Fabrication of prime number checkers based on colorimetric responses of gold nanoparticles

Abstract

In this work, we demonstrated the fabrication of molecular prime number checkers based on the concentration- and sequence-dependent colorimetric responses of citrate-capped gold nanoparticles (Au NPs) to two simple model chemicals, i.e. cysteine (Cys) and Hg²⁺ ions. After being added into the dispersions of Au NPs, Cys could be adsorbed either in a monolayer or in a bilayer fashion on the surface of the NPs, dependent on the concentration of Cys added. The monolayer Cys-modified Au NPs maintained the original red color, whereas the bilayer Cys-modified Au NPs experienced a color change from red to purple or blue, attributed to their aggregation, in a wide range of Hg²⁺ concentration. When the amount of Cys introduced was in excess of that required for adsorption of bilayered Cys on the Au NP surface, Au NPs could only experience aggregation and color change at a high Hg²⁺ concentration. Likewise, Au NPs covered by various amounts of Hg²⁺ ions also presented concentration-dependent colorimetric responses upon the subsequent addition of Cys. Inspired by these facts, prime number checkers were designed and fabricated using Cys and Hg²⁺ with the adequate concentrations and different adding sequences as inputs and the colorimetric responses of Au NPs as outputs.

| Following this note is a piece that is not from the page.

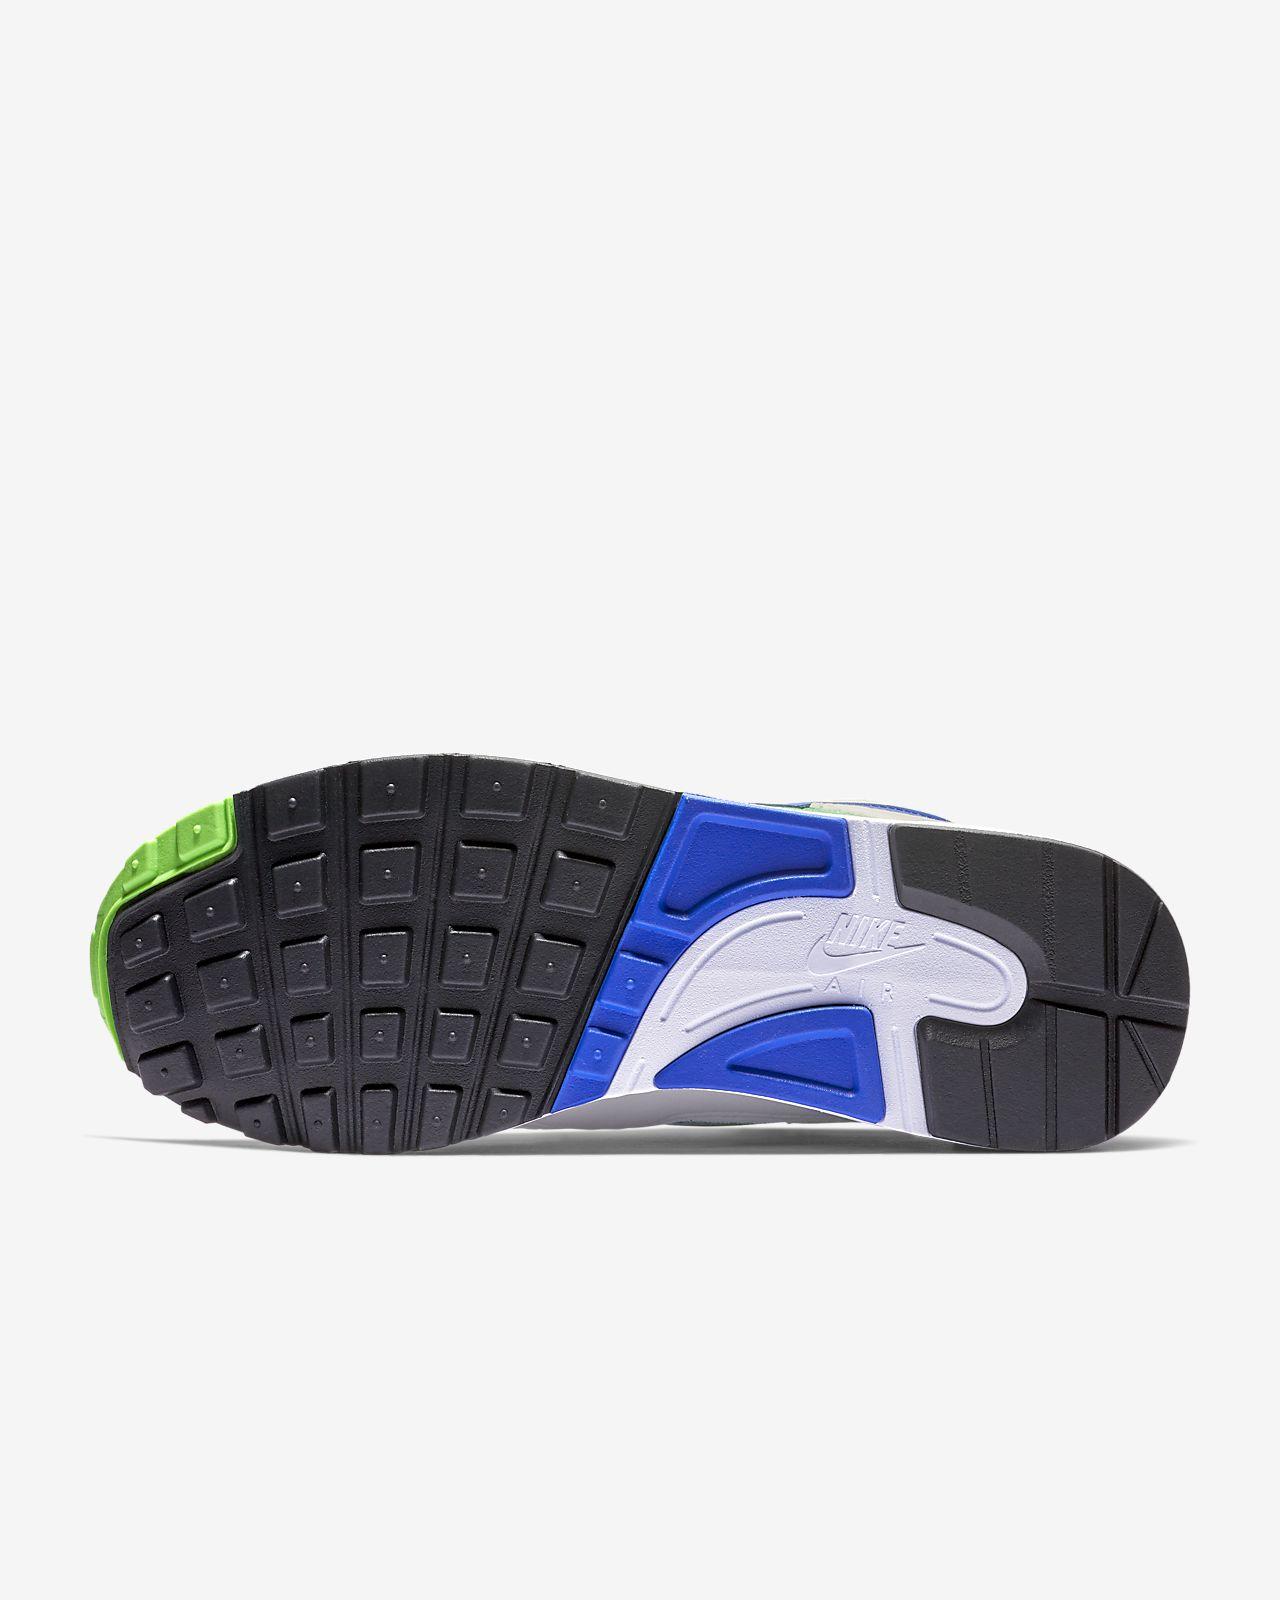 9d01bbec5a3a Low Resolution Nike Air Skylon II Men s Shoe Nike Air Skylon II Men s Shoe

For example, the as-designed 3, 4- and 5-bit prime number checkers were qualified to encode natural numbers 0–6, 0–14 and 0–31, respectively, and identify prime numbers among them based on the colorimetric responses. The successful fabrication of prime number checkers shows the significance of precise control over the surface properties of Au NPs in the design of logic devices, which should be profitable to promote their applications in chemical sensing and information processing.